Quem conta um conto...
Havia chegado o dia. Sim, daqui há algumas horas ele iria se encontrar com ela. Não se sabe onde, mas se sabe por quê. Ahh, isso se sabe muito bem.
Tempos atrás - meses ou anos, não importava naquele momento - tudo corria bem na vida dele. Aliás, correr não corria. A vida estava mesmo era parada, mas pra ele estava bom. O desconhecido assusta, e ele não queria mesmo se assustar naquele momento. Mas não se manda e nem desmanda em nada nesse mundo, ainda mais quanto o assunto é sua própria existência. Aconteceu sem que ele se desse conta. Letras, números, tudo aquilo ganhou forma. E a forma mais improvável que se poderia querer. Foi tomando conta, foi abrindo e ganhando espaço, e tornou-se, simplesmente.
No começo, alertamos acima, ele ficou com medo. Mas quem não ficaria? E quem, depois de conhecer o que era desconhecido até então, não se entregaria? Mas ele foi além. Sentiu, se deu, fechou os olhos, tapou os ouvidos. E foi. Na bagagem, ele levou roupas e um papel. Em branco, pra escrever a vida. A vida que pra ele agora tinha cores, muitas cores.

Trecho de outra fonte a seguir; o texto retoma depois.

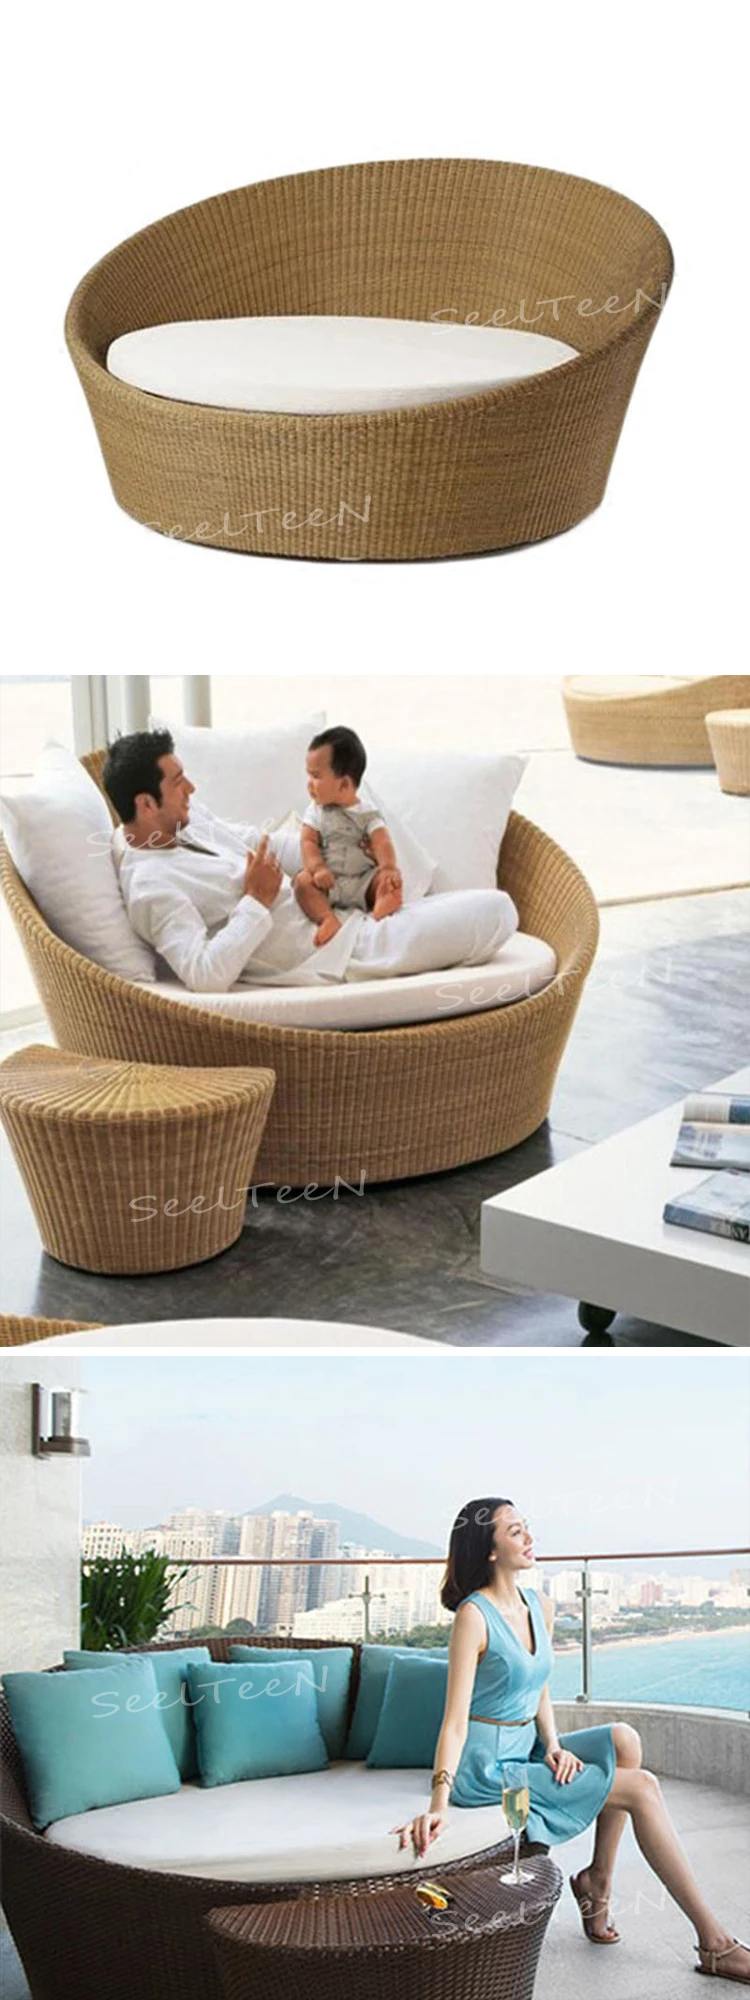 Leisure design rattan dining hotel garden chair outdoor furniture

Tinha nome e endereço, e cabelos ruivos. E a vida foi boa naquele momento. As cores se destacaram, e o tempo encurtou. Mais do que ele queria.
Voltando, ele foi novamente. E indo, voltou. E assim foi, até as letras não deixarem mais. Até elas estragarem, derreterem, parecerem números. Frios, e acima de tudo calculistas. E ele leu, releu e leu novamente. Não acreditava, ou não queria acreditar. Talvez por ter fechado os olhos e tapado os ouvidos no começo de tudo... Mas era difícil fingir, ele nunca fora bom nisso. Aliás, nunca fora bom em muitas coisas... Por exemplo, em aceitar erros. E com esse, é claro, não ia ser diferente: foi como estar debaixo d'água, perdendo o fôlego a cada instante, tentando ficar até o último momento. Mas ele nem precisou se preocupar tanto em manter-se lá: retiraram a água antes, e com ela muito mais.
Ligou, inconformado, pra ela. E decidiu ir novamente. Fazia questão de se enganar naquele momento, dizendo que ia tirar tudo a limpo. Claro, sendo o homem o que é, e não sabendo ser de outra maneira, a limpeza não passou de cinco minutos, talvez menos, não mais. Mais cedo do que supunha, já se sentia bem. E voltou. Sabendo que nunca mais ia vê-la. Sabendo que valeu a pena. E pensando que foi bom. Ainda, a folha continuava em branco.